KR200364006Y1 - High frequency inverter - Google Patents

Abstract

The present invention does not require the use of a low-weight iron core transformer of weight, the device can be compactly designed, and relates to a high-frequency inverter of a new structure that greatly reduces the manufacturing cost.

According to the present invention, the input filter unit 10, which is connected to the DC power supply input side and comprises a resonant circuit including a capacitor C25 and a coil L3 to remove noise components, and connected to the input filter unit 10, DC A transformer T1 and a transformer T1 connected to the plurality of power switching elements Q1-Q4 and the power switching elements Q1-Q4 for switching a power supply to boost an alternately input DC voltage above a desired output voltage. DC / DC booster 20, which includes a bridge circuit unit (D1, D2, D11, D12) connected to the secondary side of the step to remove the AC component of the boosted voltage, and the DC / DC booster (20) A DC / AC conversion unit 30 connected to an output terminal of the DC / AC conversion unit 30 and including a plurality of power switching elements Q5-Q8 for converting a DC power into an AC power by high frequency switching; It is connected to the output terminal and the frequency of the AC voltage output from the DC / AC converter 30 is 60 Hz. The high-frequency inverter is provided that comprises a resonant circuit 40 consisting of a resonance circuit to resonate to the number contains the coil (L4) and the capacitor (C9), characterized in.

Description

High frequency inverter

The present invention relates to a high frequency inverter, and more particularly to a high frequency inverter that can be designed in a compact device, it is possible to greatly reduce the manufacturing cost.

In general, an inverter for converting a DC power source into an AC power source includes a power switching unit for converting a DC power source into an AC component, a low frequency iron core transformer for boosting the switched power to a desired AC voltage, and a boosted AC power source. It consists of a resonator which resonates with 60Hz commercial AC power. These inverters are applied in various industrial fields, but when the DC power source is relatively low, the voltage increase to be burdened by the transformer increases, resulting in a problem that the size and weight of the transformer are huge.

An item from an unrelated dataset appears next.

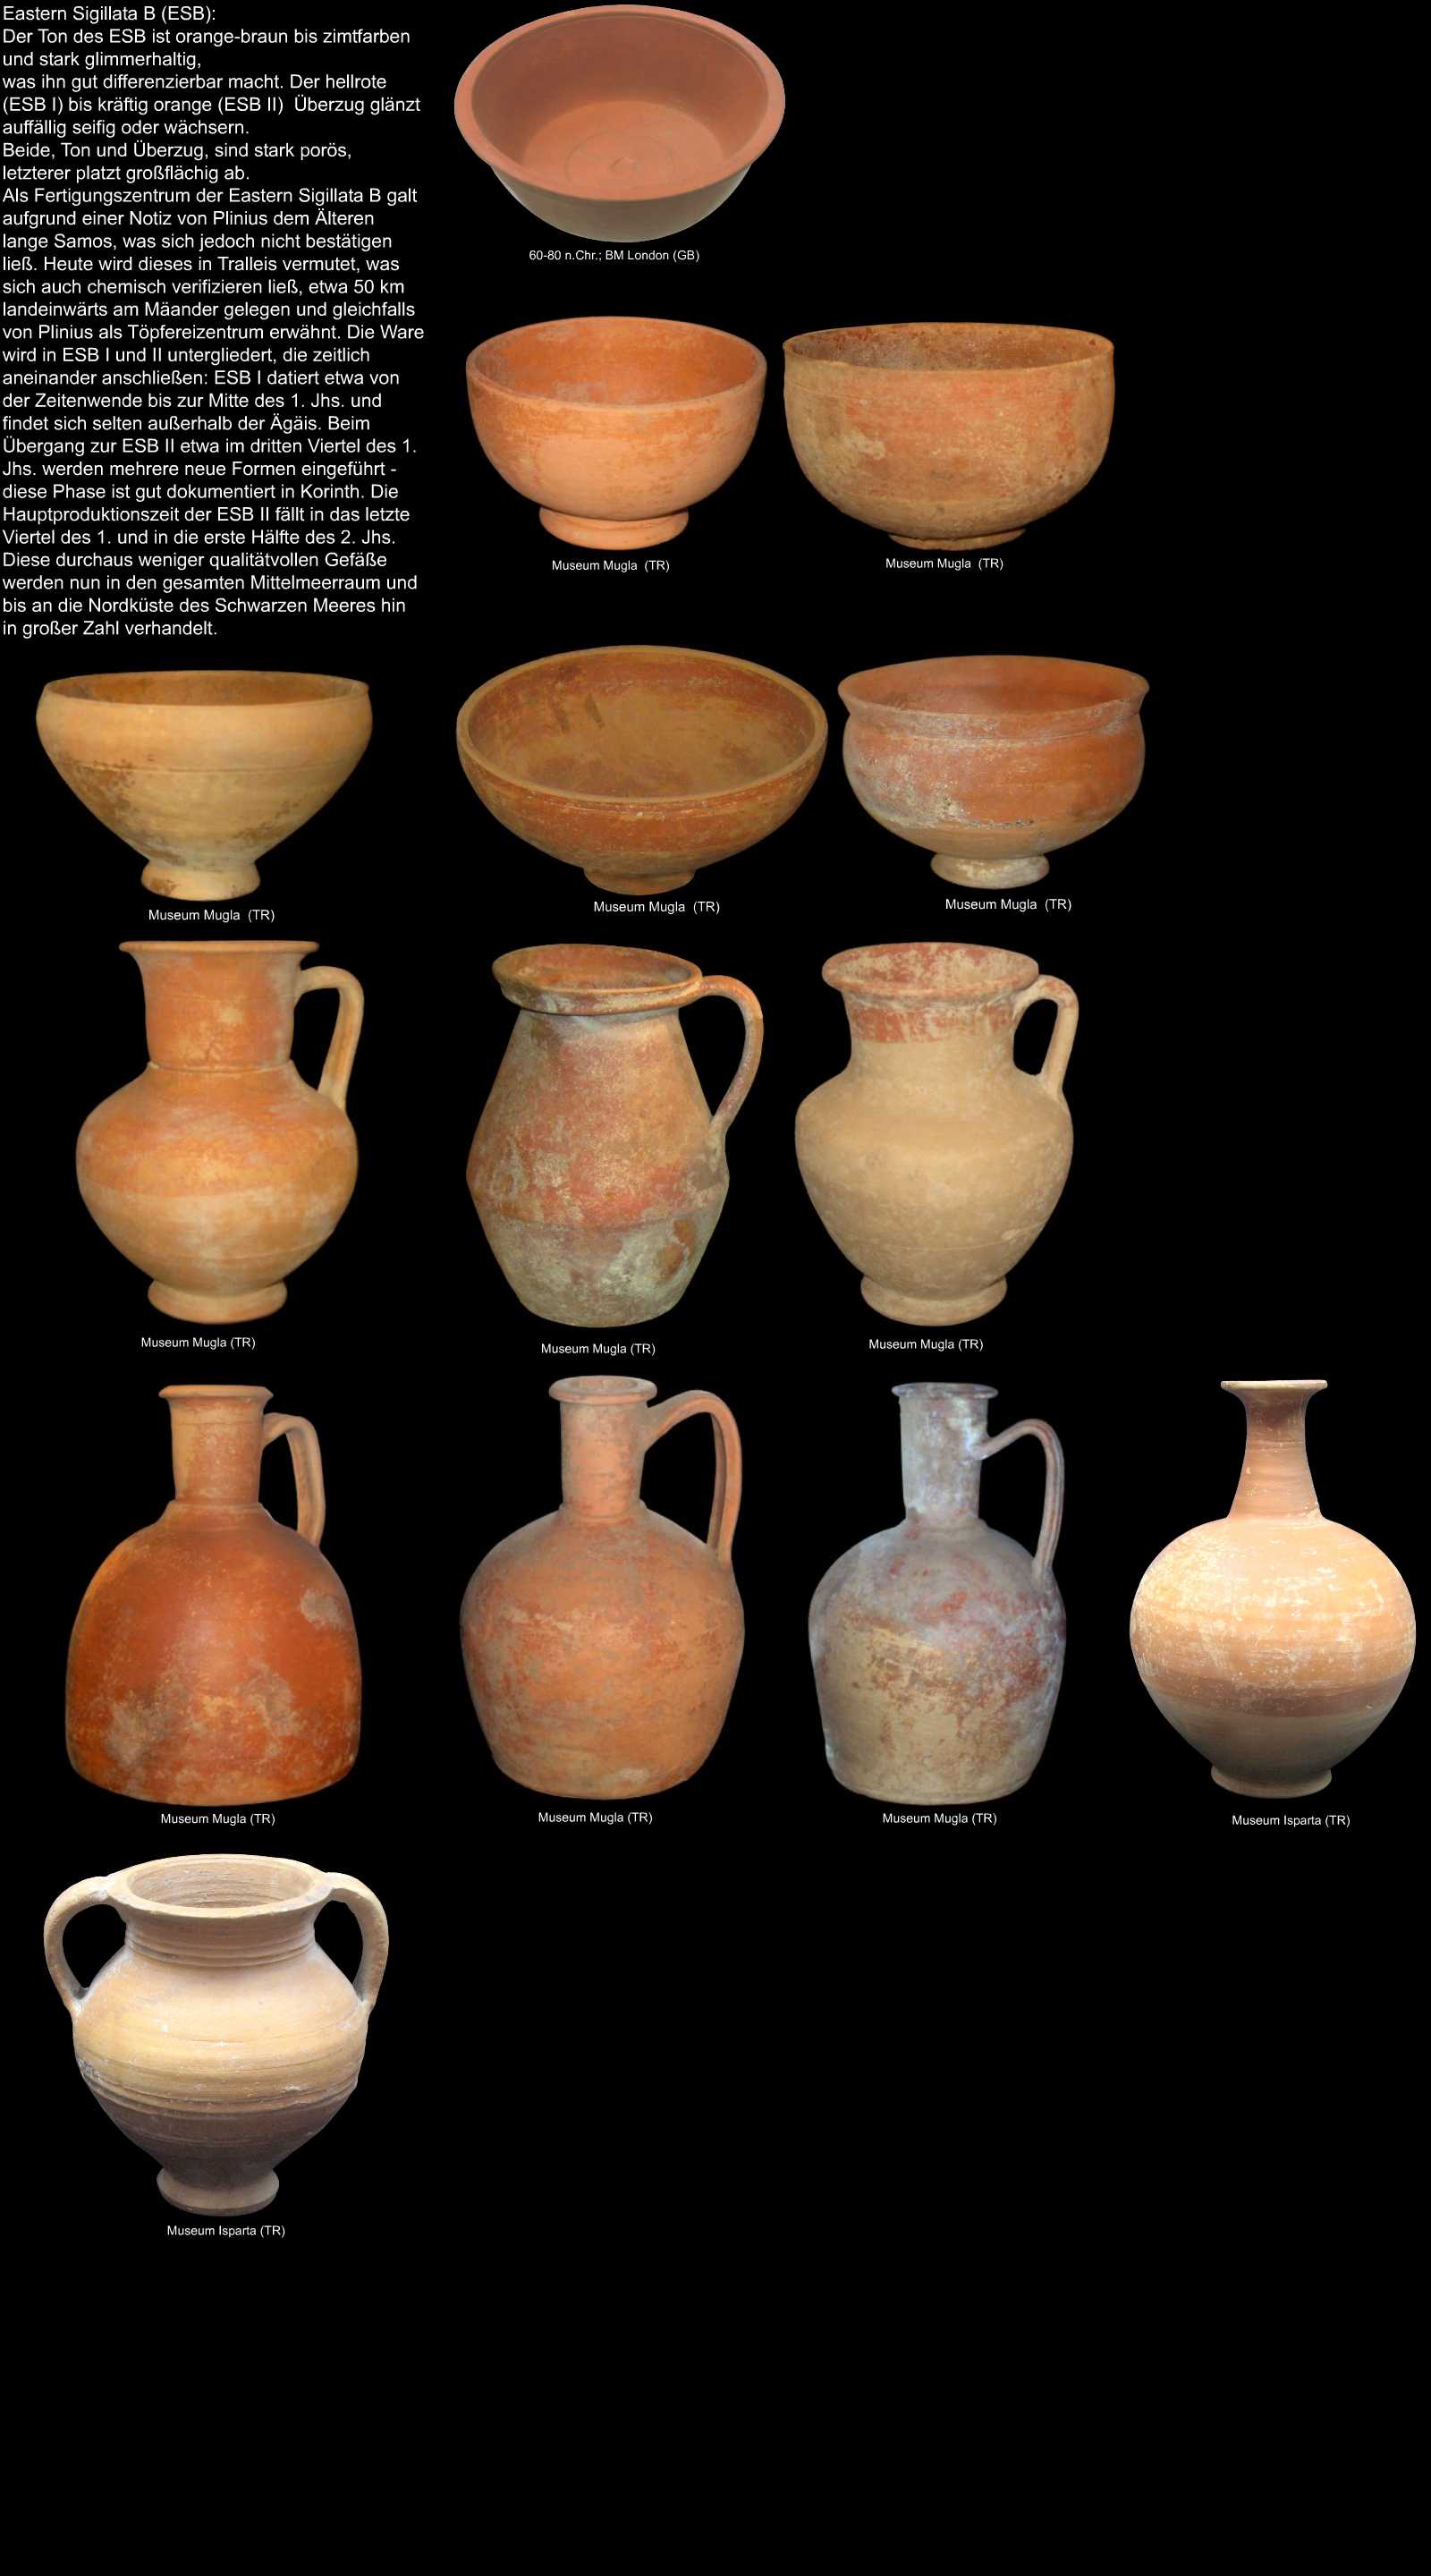 Keramik aus Tralleis
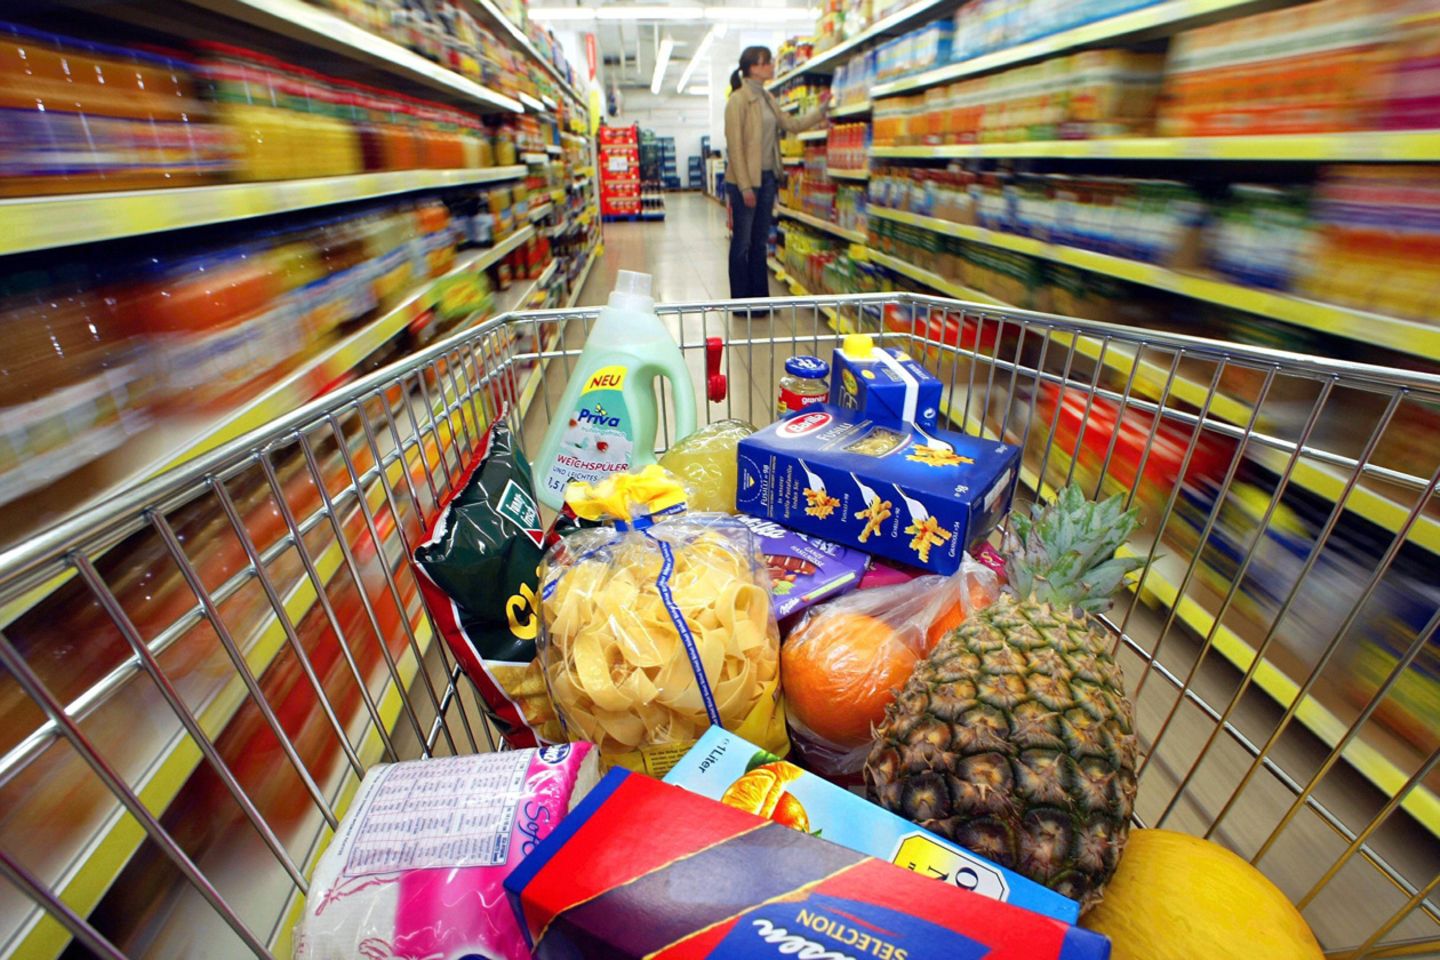 Noch mal schnell in den Supermarkt? Nach Feierabend nervt einkaufen ungemein - wie praktisch, dass es inzwischen clevere Bestellmöglichkeiten gibt.

In particular, the inverter used in the repeater or other communication equipment uses a 48V DC power source, it was a big burden to devote a lot of space to the installation of the inverter in the communication equipment with a large size constraint. In addition, due to an increase in the capacity of a relatively expensive low frequency iron core transformer, there is a problem in that the cost of the inverter increases.

The present invention has been proposed to solve the above problems, and it is possible to compactly design the size and weight of the inverter in a place where relatively low DC power is supplied, such as communication equipment, and greatly increase the manufacturing cost by not using expensive components. It is to provide a high frequency inverter that can be saved.

1 is a block diagram schematically showing a high frequency inverter according to the present invention

2 is a circuit diagram according to an embodiment of the present invention

<Description of the symbols for the main parts of the drawings>

10. Input filter part 20. DC / DC boosting part

25. DC / DC booster controller 30. DC / AC converter

35. DC / AC converter controller 40. Resonant circuit

50. Output filter part

According to the present invention, the input filter unit 10, which is connected to the DC power supply input side and comprises a resonant circuit including a capacitor C25 and a coil L3 to remove noise components, and connected to the input filter unit 10, DC A transformer T1 and a transformer T1 connected to the plurality of power switching elements Q1-Q4 and the power switching elements Q1-Q4 for switching a power supply to boost an alternately input DC voltage above a desired output voltage. DC / DC booster 20, which includes a bridge circuit unit (D1, D2, D11, D12) connected to the secondary side of the step to remove the AC component of the boosted voltage, and the DC / DC booster (20) A DC / AC conversion unit 30 connected to an output terminal of the DC / AC conversion unit 30 and including a plurality of power switching elements Q5-Q8 for converting a DC power into an AC power by high frequency switching; It is connected to the output terminal and the frequency of the AC voltage output from the DC / AC converter 30 is 60 Hz. The high-frequency inverter is provided that comprises a resonant circuit 40 consisting of a resonance circuit to resonate to the number contains the coil (L4) and the capacitor (C9), characterized in.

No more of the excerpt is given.